Examples of autogenous vaccines produced by Hygieia Biological Laboratories include: Corynebacterium pseudotuberculosis bacterin-toxoids, Salmonella bacterins, Staphylococcus bacterin-toxoids, Pasteurella bacterins, avian bronchitis and paramyxovirus vaccines and Mycoplasma bacterins. The minimum order for an autogenous bacterin is one 250 cc bottle; depending on the dose size, this may be 50, 125, or 250 doses. The cost of the vaccine varies with the difficulty of bacterial propagation and the number of strains involved. For instance, E. coli, Salmonella, and Staphylococcus bacterins are typically cheaper than Hemophilus, and Mycoplasma strains. Typically, a preliminary estimate is discussed with the veterinarian before the initial culture is performed. Final cost and delivery estimates are provided after determining what is involved in propagating the strain for manufacture. All billing is done through the attending veterinarian. Since Hygieia Biological Laboratories is primarily a research and manufacturing facility, field samples should be sent first to a diagnostic laboratory for isolation and culture, unless specific arrangements have been made.

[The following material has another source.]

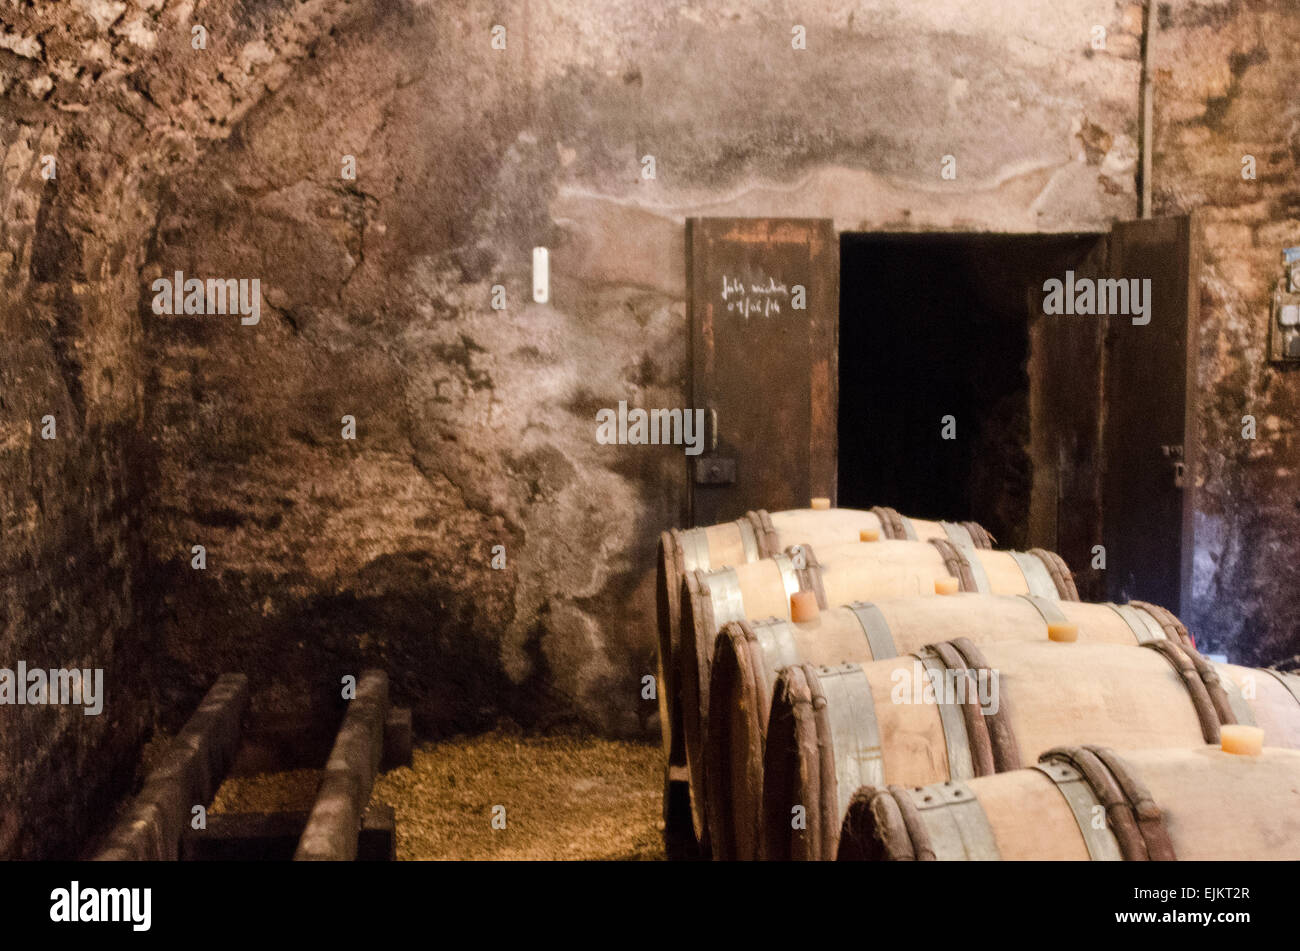 Casks of wine stored in the cellars of Domaine de la Folie, a vineyard near Chagny in the Côte Chalonnaise of Burgundy, France. Stock Photo

The government mandates the following disclaimer: 'Potency and efficacy of autogenous products have not been determined.' Specifically, each serial of autogenous vaccine is not tested for its ability to induce a measurable titer rise in animals ('potency'), nor has the ability of a particular serial to treat or prevent disease ('efficacy') been measured. However, the amount of bacteria formulated into each dose (antigenic mass) is known. In short, while Hygieia cannot guarantee positive results to any autogenous vaccine, every scientifically rational step is taken to ensure safety and adequate antigenic mass in every vaccine produced.